By extracting statistical information and other measurements from PET images using a data analysis technique called radiomics, researchers have developed a way to determine radiation therapy dose more accurately, according to a study presented this week at the American Association of Physicists in Medicine (AAPM) meeting in Austin, TX.
In the study of patients with non-small cell lung and head and neck cancer, senior author Joseph Deasy, PhD, chair of the department of medical physics at Memorial Sloan Kettering Cancer Center, and colleagues showed how radiomics could help predict the likely progression of cancer, or its response to treatment.
Deasy said the findings represent another advance in how radiomics, a big-data technique for extracting quantitative data from medical imaging scans, could incorporate details from PET images to guide treatment decisions.
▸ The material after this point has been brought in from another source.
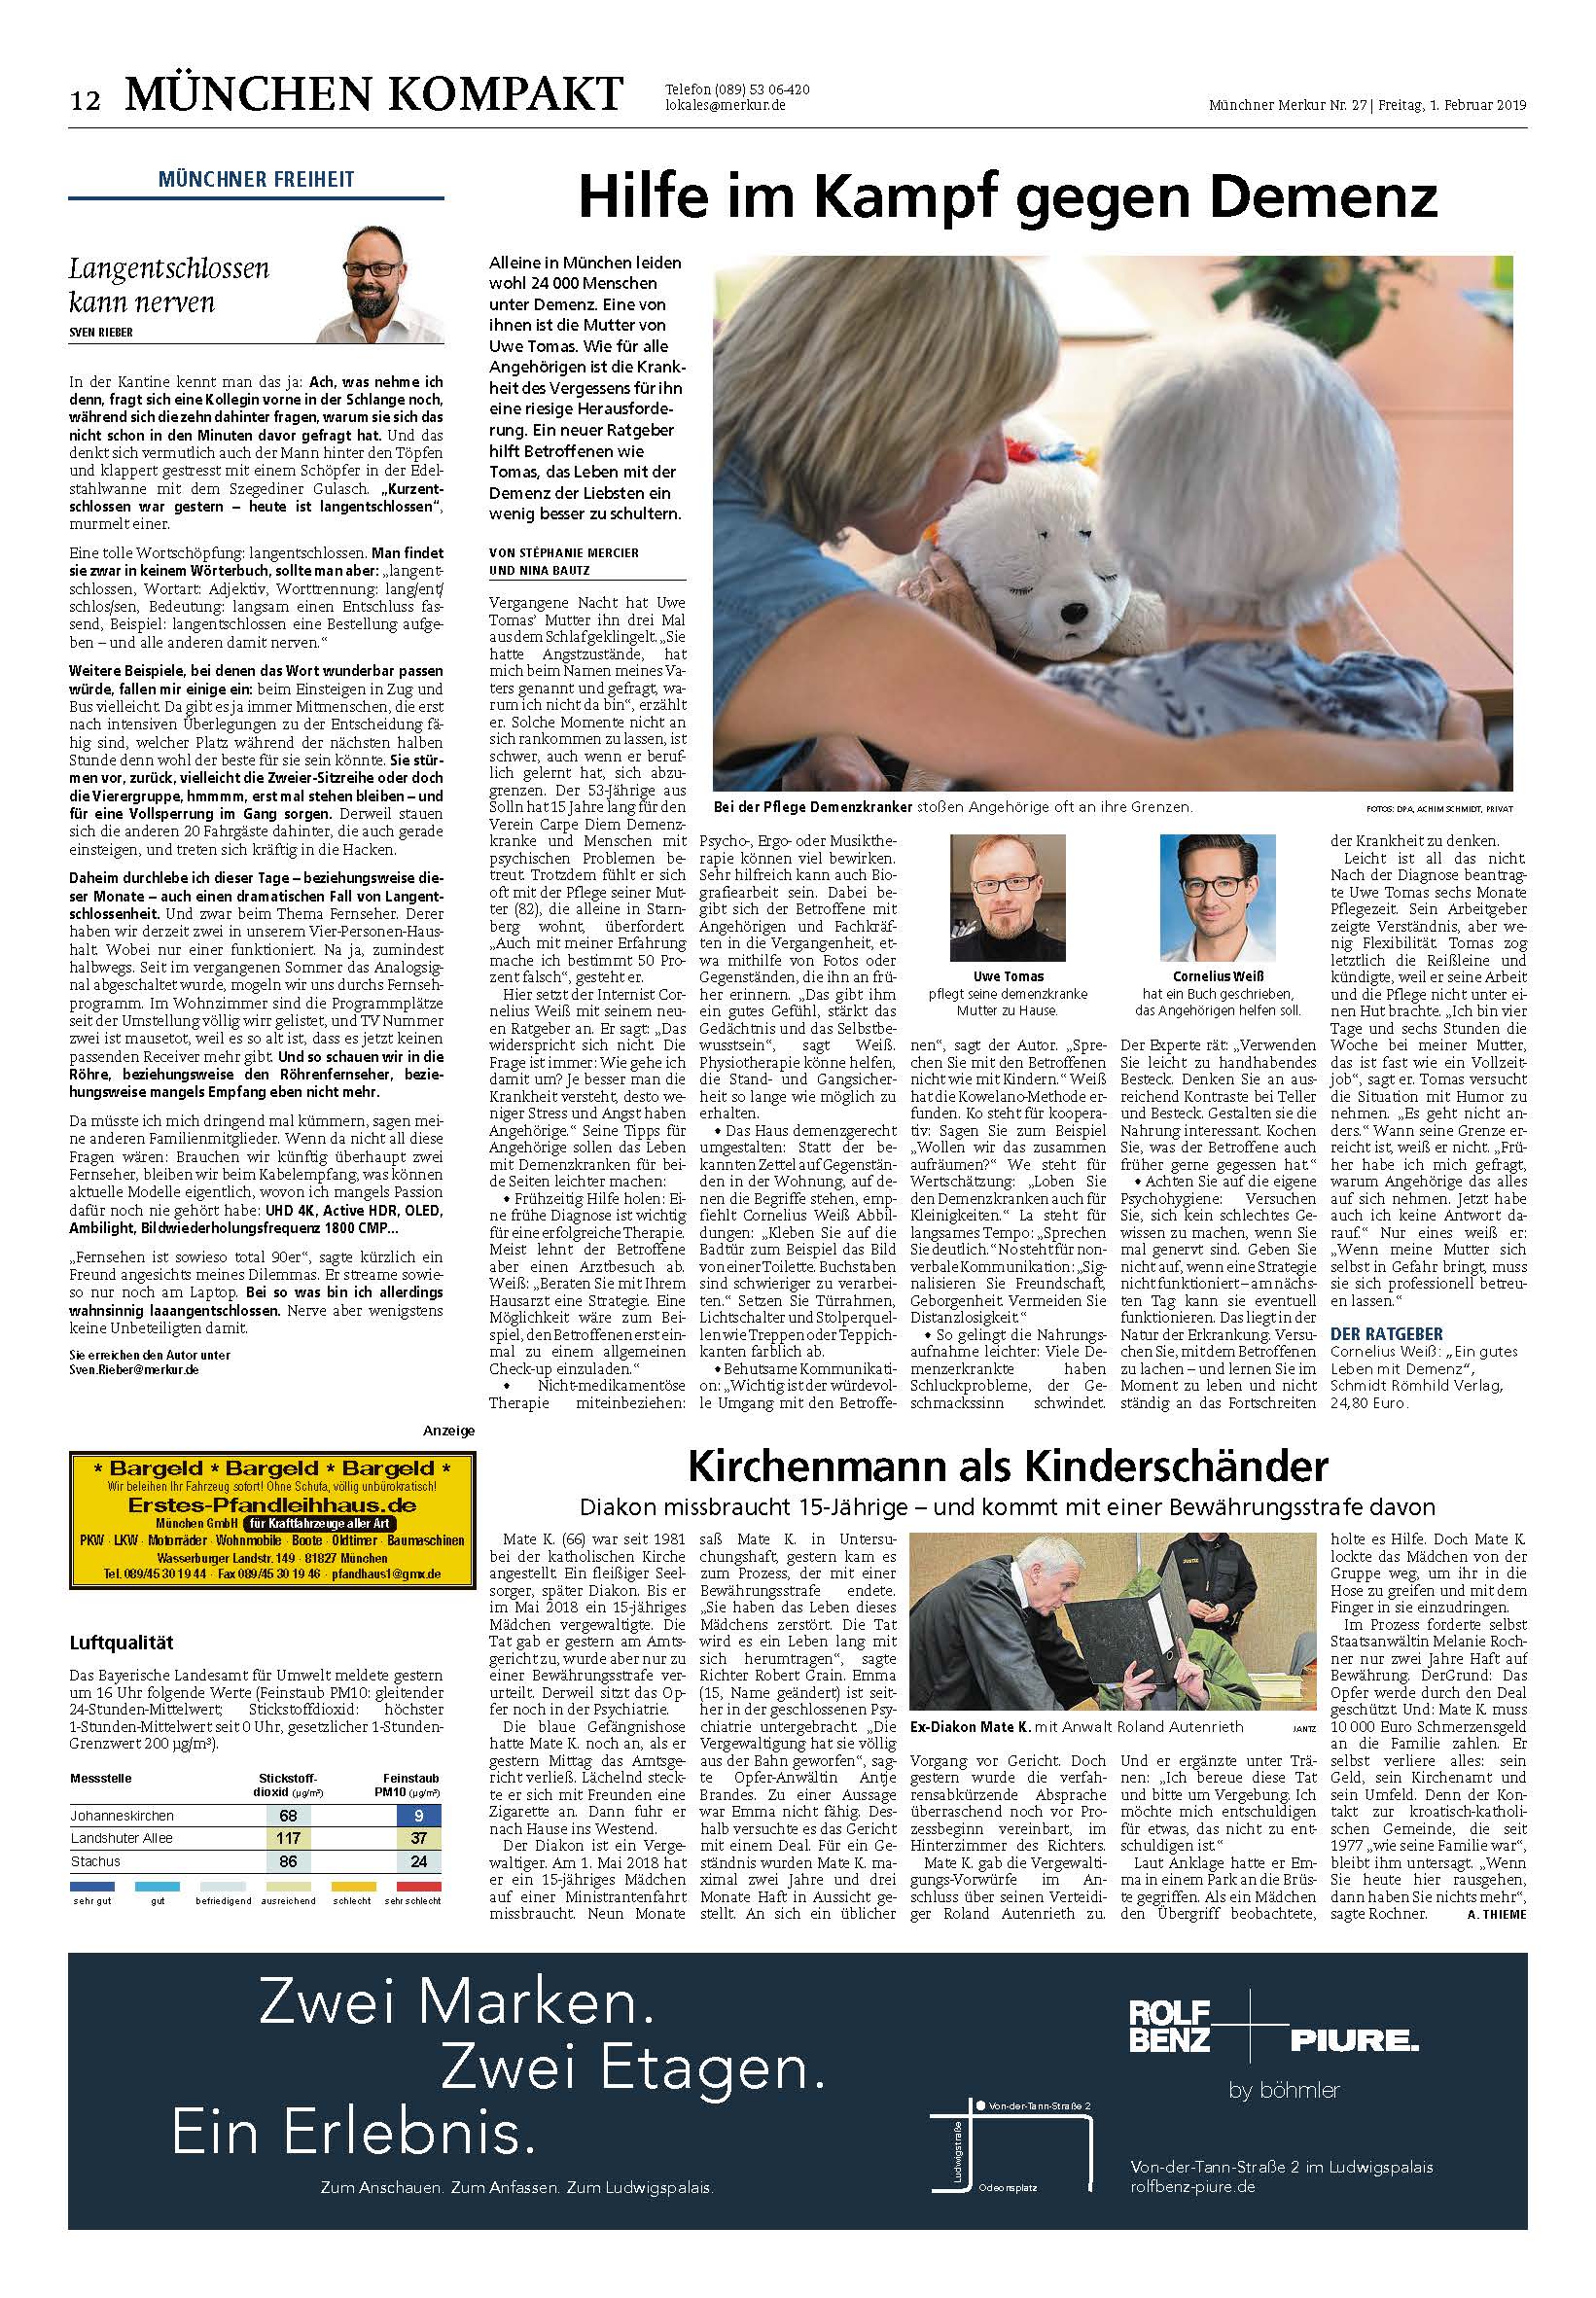 Ein gutes Leben mit Demenz - Cornelius Weiß, Artikel München Kompakt: Hilfe im Kampf gegen Demenz

"This is different from what has been done in the past," he said. "Diagnostic imaging typically was only used to identify the presence of cancer or to outline the extent of the disease and determine where to target radiation dose. What we have done, using emerging methods in this new area of research called radiomics, is to extract various subtle mathematical characteristics of the tumor appearance."
Shape and texture
Tumor shape and texture are two key characteristics in the use of radiomics. Observers look to see if the tumor is round or concave and if it reaches out to nearby tissue, Deasy explained. In analyzing texture, they note if the tumor is flat, uniform, and bright, or if it is rough with areas of low or high FDG intensity.
In the largest study to date using radiomics tools, the researchers collected PET scan results between August 2006 and August 2012 on 163 patients with 172 biopsy-proven T1 or T2 non-small cell lung cancers before they were treated with stereotactic body radiotherapy at the center.
Deasy and colleagues also retrieved pretreatment and post-treatment PET scans between December 2002 and March 2009 on 174 patients with stage III-IV head and neck cancer who were treated with chemoradiation therapy. PET scans were converted to a Computational Environment for Radiotherapy Research (CERR) format, and they used CERR software to analyze 24 features covering shape, texture, and histogram in FDG-avid disease regions.
Using the data from PET scans acquired before and after treatment, along with information on how the patients fared, including whether tumors receded or how long the patients survived, the researchers were able to create models to determine the most appropriate cancer therapy.
"The variability of the PET image intensity across the tumor implies greater risk of the spread of the disease," Deasy said. "[This] can then be used to make decisions about systemic therapy."
Statistical modeling
By using statistical modeling based on the extracted mathematical properties, researchers can predict how much radiation dose is required for a particular tumor, especially in head and neck and non-small cell lung cancer, Deasy said.
"This can help us from overtreating cancers and potentially causing toxicity in normal tissue, and help us not to undertreat cancers that may need a fairly high dose of radiation to have a high probability of disease control," he added.
Given the promising results of the study, Deasy believes radiomics could also be useful for other types of cancer.
"We think detailed image analysis related to predicting response to therapy or prognosis has a lot of applications to other cancer sites," he said.
In addition, the technique could be applied to other imaging modalities.
"We and groups at other leading institutions are spending a lot of effort looking at not just PET images, but also CT, volumetric x-ray, and MRI," he said.
Even though each modality offers different information about tumors, the basic methodology of radiomics would remain constant.
"There is always some modification [when] going to a different form of imaging, but basically the idea is still the same," Deasy said. "Extract texture features, shape features, and anything about the image that we think might be important and put it into a predictive modeling framework."
The next big step for Deasy and colleagues is to confirm radiomics' worth in the clinical setting.
"We are already discussing with our radiation oncology physicians how we might choose the dose distribution levels and radiotherapy based on these PET images," he said. A final decision on how to do that is pending.